Frequently Asked Questions

Research-backed answers from verified data and published sources.

1

Does hydroxychloroquine cure cancer?

No. HCQ is not approved for cancer and does not cure any cancer. However, it has shown significant anti-tumor activity in specific clinical trials: 85% response rate in BRAF-mutant melanoma (BAMM trial), 100% recurrence-free survival at 3 years in breast cancer dormancy prevention (CLEVER trial), and 56% pathologic response in preoperative pancreatic cancer. It has also completely failed in lung cancer (0% response) and worsened outcomes when combined with certain drugs. Results are cancer-type and combination-specific.

2

What is the latest HCQ cancer research in 2025-2026?
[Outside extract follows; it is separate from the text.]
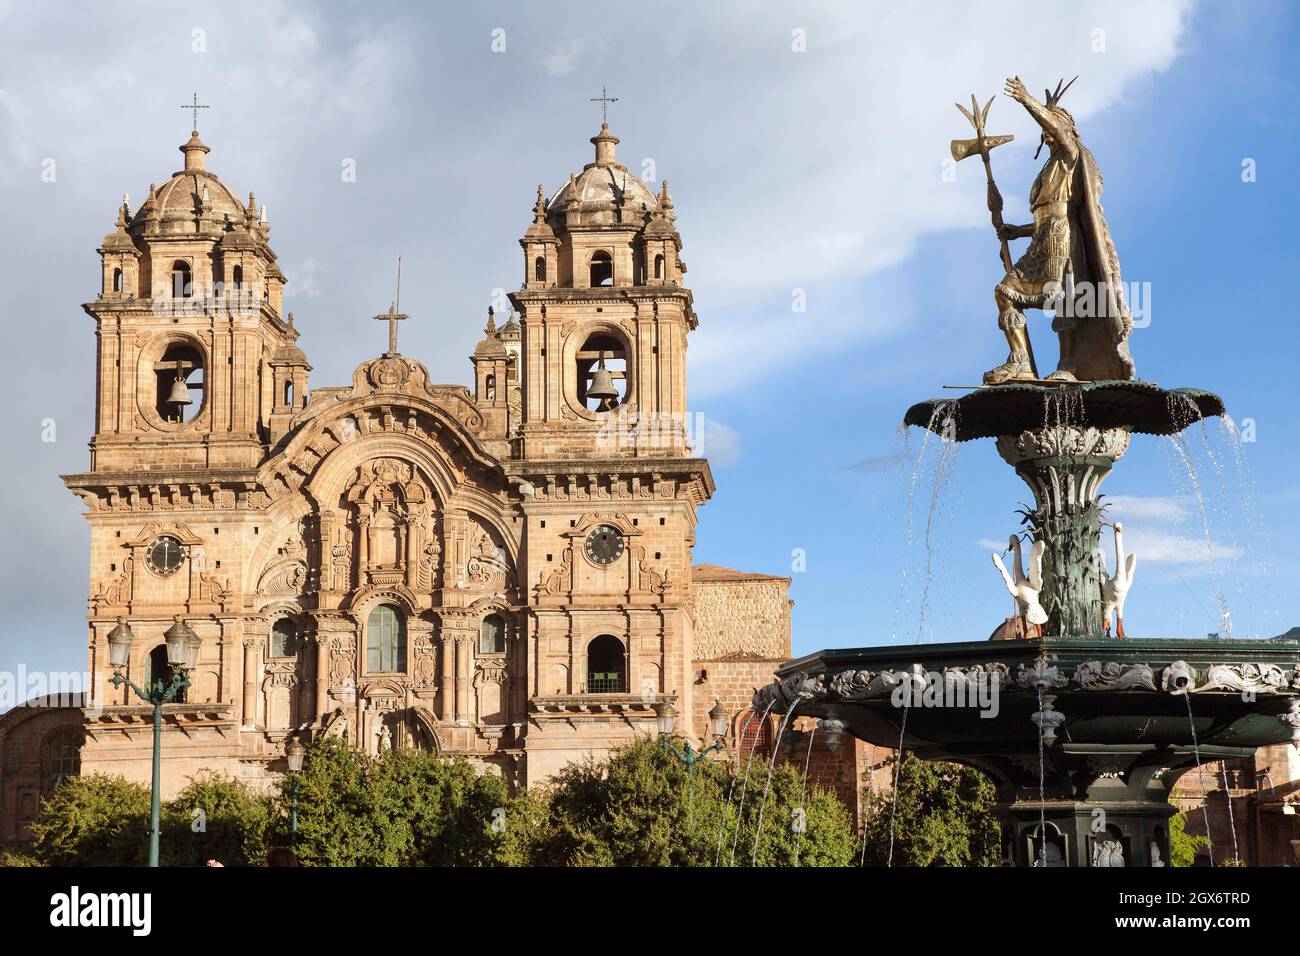 Statue de l'Inca Pachacutec sur la fontaine et église catholique sur la Plaza de Armas, Cusco ou Cuzco ville, Pérou Banque D'Images

Key 2025-2026 developments: (1) CLEVER trial published in Nature Medicine showing 100% RFS at 3 years for HCQ+everolimus in breast cancer dormancy; (2) AACR 2025 abstract showing HCQ restores MHC-I on tumor cells; (3) Novel myeloperoxidase inhibition mechanism discovered (anti-metastatic); (4) HOPE trial (2026) showed binimetinib+HCQ failed in pancreatic cancer with cardiac safety concerns; (5) Cell Cycle 2024 revealed cancer cells resist HCQ through non-autophagy mechanisms.

3

Is HCQ better than new autophagy inhibitors for cancer?

No. HCQ is a weak, non-specific autophagy inhibitor that cannot reliably achieve therapeutic autophagy inhibition at tolerable doses. Next-generation drugs like DCC-3116 (targets autophagy initiation at ULK1/2), DC661 (works in acidic tumor microenvironment where HCQ fails), and Lys05 (10x more potent) are in development. However, HCQ remains the only FDA-approved autophagy inhibitor available, making it the default for clinical trials until newer agents advance.

4

Can I take HCQ for cancer prevention?

A meta-analysis of 9 studies found lupus patients taking HCQ had a 30% lower cancer risk (RR 0.70). However, this was observed at standard autoimmune doses (200-400mg/day) over years of chronic use. No prospective cancer prevention trial with HCQ has been conducted. Self-medicating with HCQ without medical supervision carries retinal and cardiac toxicity risks. Discuss any interest in chemoprevention with your oncologist.

5

Why hasn't HCQ been approved for cancer if trials show good results?

Three structural barriers: (1) No Phase III trial has ever been completed — all evidence is Phase I/II; (2) HCQ is a cheap generic ($0.20/tablet), providing no financial incentive for pharma to fund expensive Phase III trials; (3) Improved response rates have NOT translated to improved overall survival in most trials, which is the FDA's approval standard. Additionally, COVID-19 politicization created reputational risk that further discourages investment.

6

What dose of HCQ is used for cancer?

Cancer trials use 600-1200mg/day (typically 600mg twice daily), which is 2-3x higher than the rheumatology dose (200-400mg/day) and 2-3x above the ophthalmology safety threshold (5mg/kg/day). The maximum tested dose of 1200mg/day is described as 'the highest dose allowed by FDA.' Even at these elevated doses, consistent autophagy inhibition is not always achieved in tumors.

Medical Disclaimer: This information is for educational purposes only and does not constitute medical advice. Costs are estimates based on published hospital data and may vary. Consult a qualified healthcare professional before making treatment decisions.